What a wonderfully rich and diverse post! Interesting that the rainbow candle "bridge of light" has been a staple of our decoration during Excel of the Rainbow Zebra weekends since I found this item at a booth at a Gay Pride festival here in Atlanta in the 1990's. Wish I had a photo to share, but don't have one currently on file in my computer...oh, well. Also wanted to comment that one of the books I've recently reviewed for Amazon, "The Intimate Life" by Judith Blackstone, while not explicitly dealing with GLBTQ ideas, has a wonderful application of the Chakras.

Kittredge Cherry said...

Trudie, please do take photos of your rainbow candles to share on Jesus in Love! We need beautiful, artistic photos of a candles lit like a rainbow for future Bridge of Light posts. Getting one of these candle holders has been on my “wish list” for a long time. I’d like to buy one so I can take some photos -- and celebrate Bridge of Light properly.

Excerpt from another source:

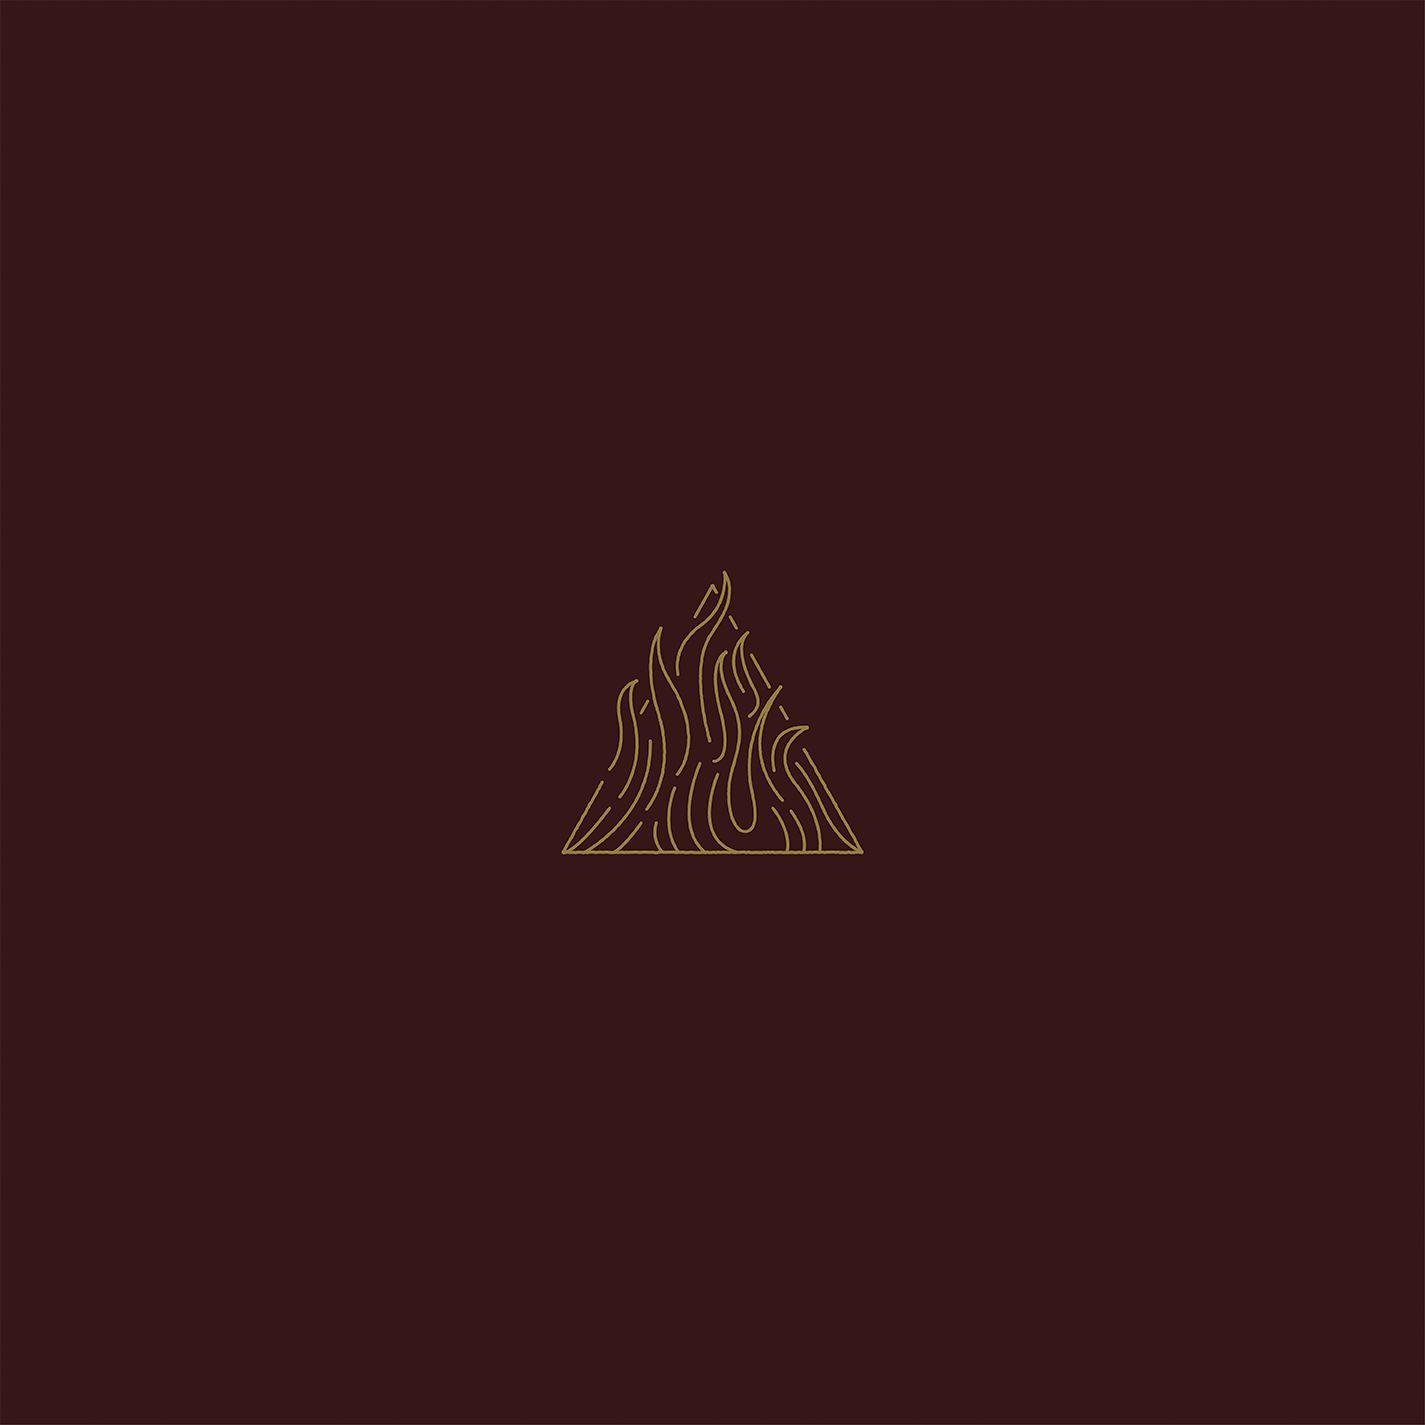 6. Trivium: The Sin and The Sentence<br /><br />Az év egyik legsokoldalúbb alkotása az amerikai Trivium nyolcadik stúdióalbuma - egyszerre heavy, thrash, groove és progresszív metal, dallamos, súlyos és szerethető. Amit itt csinálnak, minden bizonnyal újabb magasságokba emeli őket, az már biztos, hogy engem kilóra megvettek ezzel a lemezzel. Le a kalappal srácok, itt az idő, hogy meghódítsátok a legnagyobb arénák színpadait! Amennyiben szereted a modern metalt és az olyan zenekarokat, mint pl. az Avenged Sevenfold, ez a Te albumod! (Ha nem, akkor pedig főleg.)
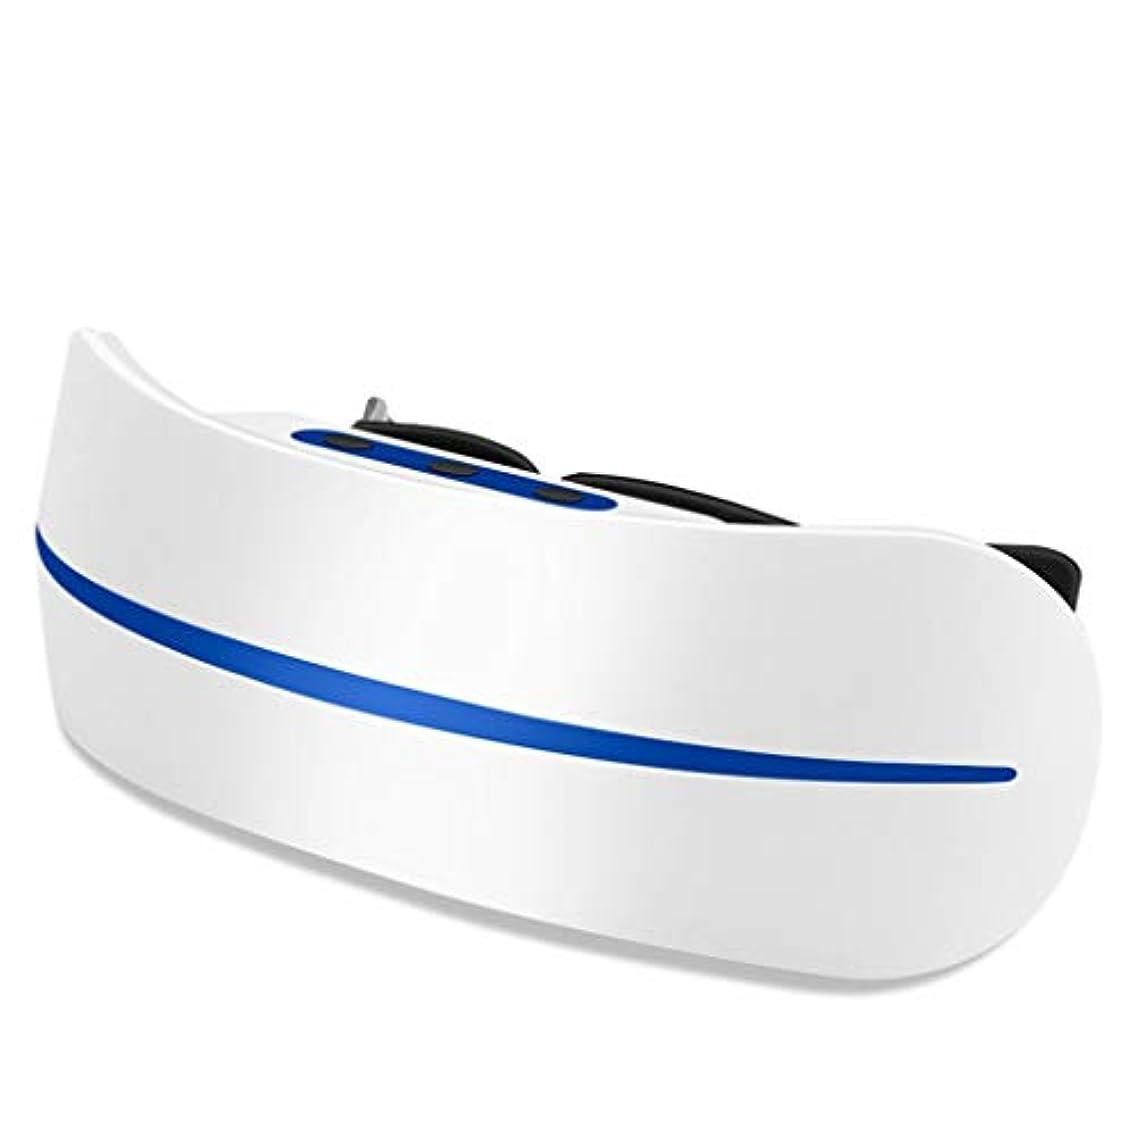 パット蓮徹底的にアイマッサージャー視力回復剤アイ近視矯正アイプロテクターアイプロテクション軽減疲労ダークサークルアイマスク

Patrick Cheng sent an enthusiastic message about this post. He likes the way that I fit his models of Christ with colors and principles. I used the 5 models that he shared here in 2010, but he reports that he has expanded it to 7 models, added the Self-Loving Christ and the Interconnected Christ as the sixth and seventh models. I’ll be reporting more about that this year.

Kittredge Cherry said...

Share my joy! I hear that my wish for a rainbow candle holder is coming true. You’ll all see photos on this blog. THANK YOU!